# Dark Eldar & Chaos Relations



## Androxine Vortex (Jan 20, 2010)

Since the Dark Eldar have sworn their souls to the service of Slaanesh, is there any cooperation between them and the Emperor's Children?

And not just the EC but any Chaos army in general? I also don't think that servants of Slaanesh would fight amoungst themselves because that would bring His numbers down.


----------



## Child-of-the-Emperor (Feb 22, 2009)

The Dark Eldar have not 'sworn their souls to the service of Slaanesh'. They despise Chaos just as much as the Craftworld Eldar.


----------



## Androxine Vortex (Jan 20, 2010)

Child-of-the-Emperor said:


> The Dark Eldar have not 'sworn their souls to the service of Slaanesh'. They despise Chaos just as much as the Craftworld Eldar.


Okay but arent they corrupt with Chaos? Thats why they had the Fall.


----------



## normtheunsavoury (Mar 20, 2008)

No, they had the fall because they lived lives of excess which in turn brought about the birth of Slaanesh. When Slaanesh was born the Eldar race were decimated and their empire fell. The Dark Eldar lived in the Webway so were spared the worst effects of the birth of a Chaos God, they continued to practice the same hedonism that spawned Slaanesh but they sacrifice souls to Slaanesh to save their own skins. 
Slaanesh eats away at them and the only way they can survive is to feed Slaanesh with the suffering of others rather than letting their own souls be consumed. 


Dark Eldar are not Chaos Eldar, never have been never will be.


----------



## Baron Spikey (Mar 26, 2008)

normtheunsavoury said:


> No, they had the fall because they lived lives of excess which in turn brought about the birth of Slaanesh.

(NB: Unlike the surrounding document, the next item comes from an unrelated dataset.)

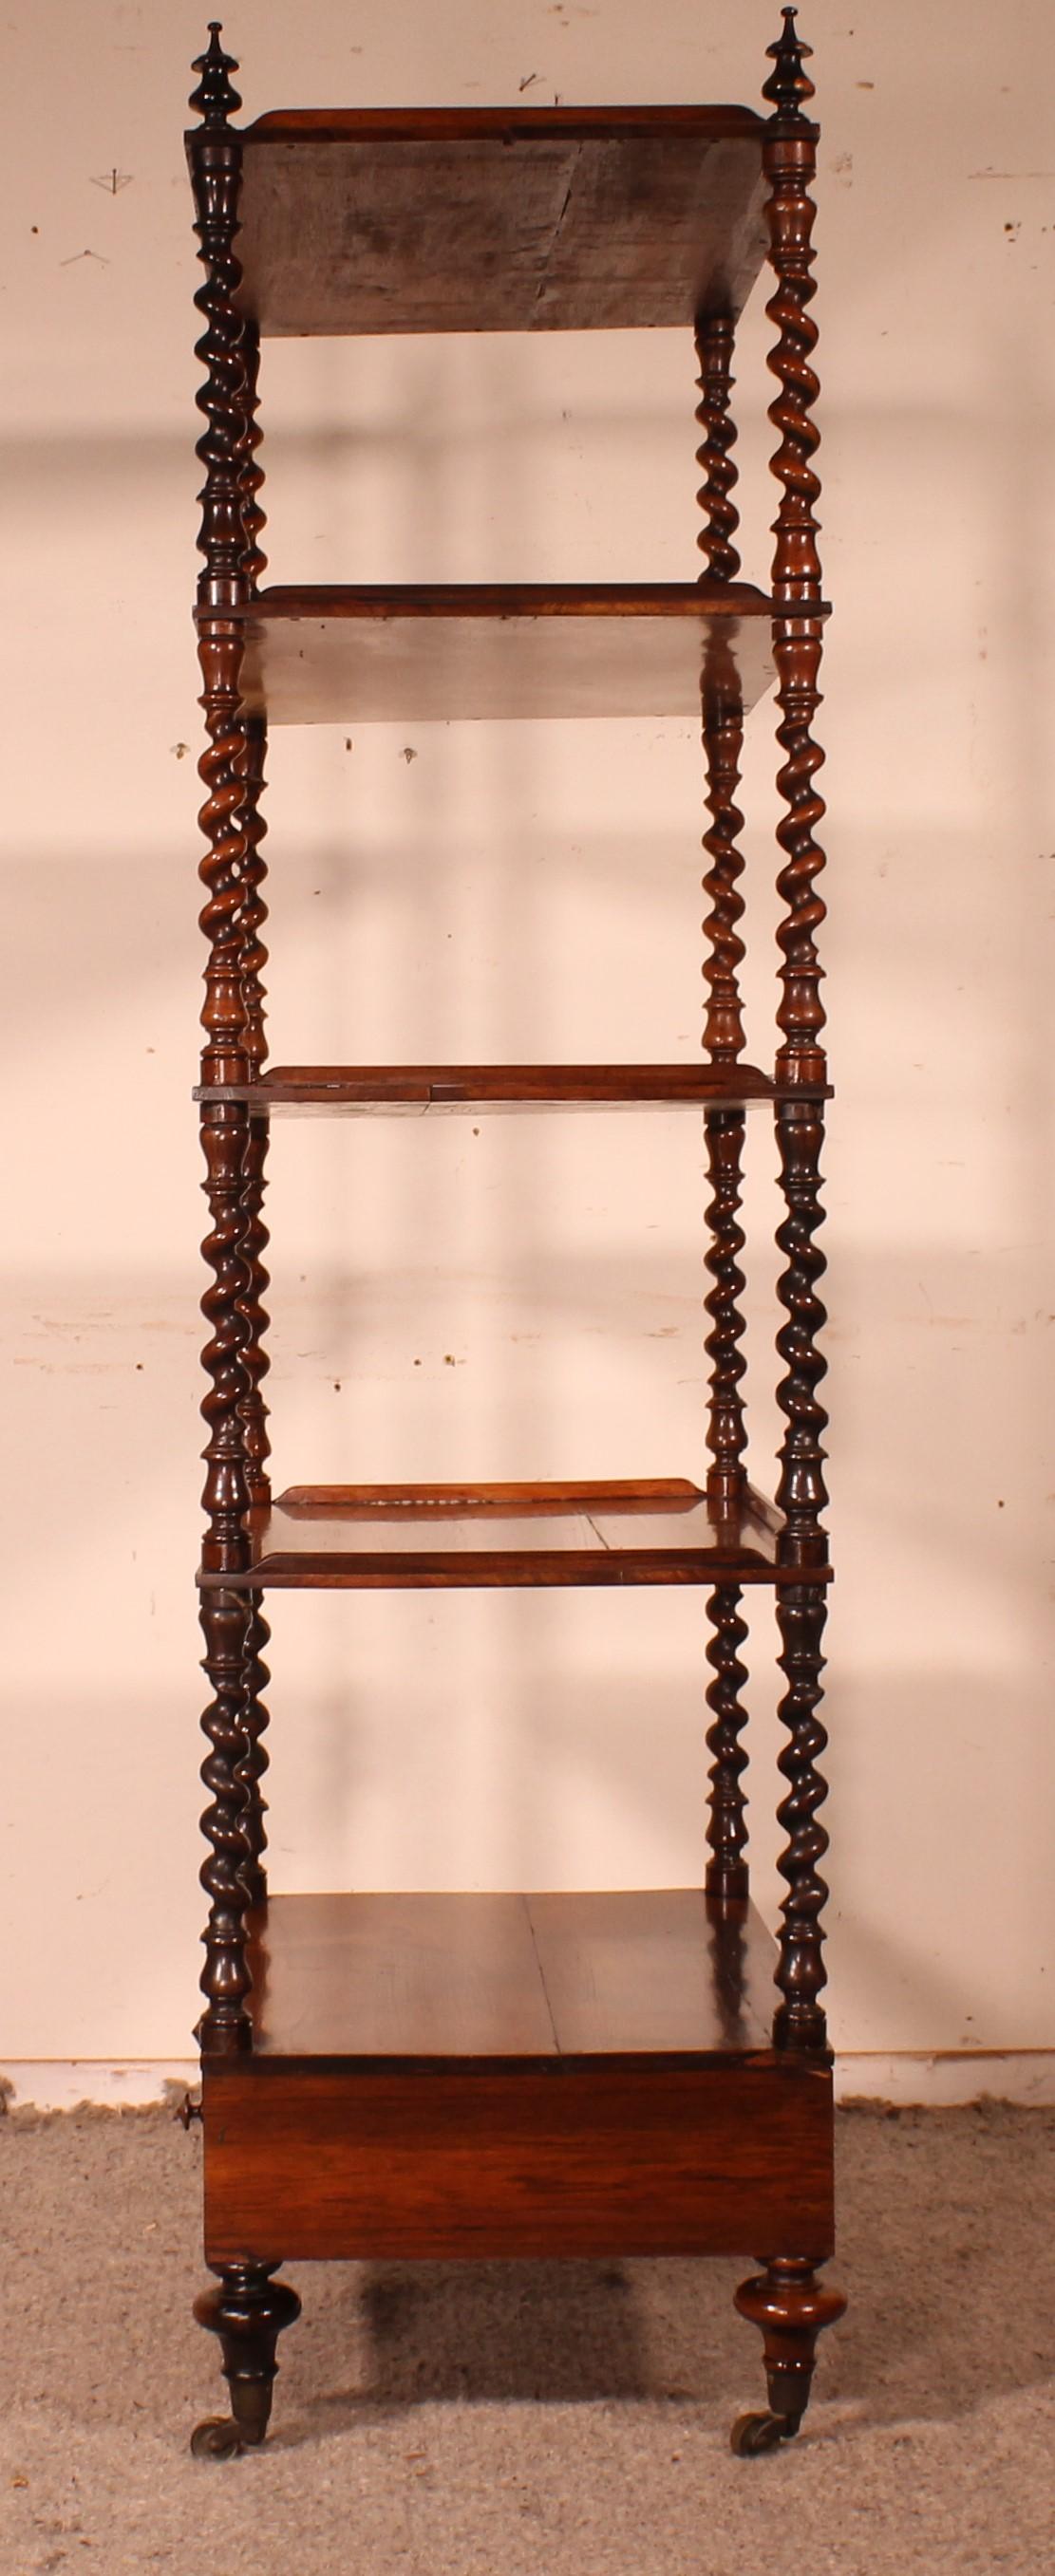 Rosewood Whatnot or Shelf from 19th Century, England 8

When Slaanesh was born the Eldar race were decimated and their empire fell. The Dark Eldar lived in the Webway so were spared the worst effects of the birth of a Chaos God, they continued to practice the same hedonism that spawned Slaanesh but they sacrifice souls to Slaanesh to save their own skins.
> Slaanesh eats away at them and the only way they can survive is to feed Slaanesh with the suffering of others rather than letting their own souls be consumed.
> 
> 
> Dark Eldar are not Chaos Eldar, never have been never will be.


Actually the Dark Eldar fled to the Webway to escape the predations of Slaanesh, to their horror they discovered the leaching of their souls was only slowed or lessened not stopped- that's why they consume souls/life essence as they do.


----------



## normtheunsavoury (Mar 20, 2008)

Ok, but I was 90% right, for a change!


----------



## Androxine Vortex (Jan 20, 2010)

Oh. I always thought that the Dark Eldar were under the control of Slaanesh.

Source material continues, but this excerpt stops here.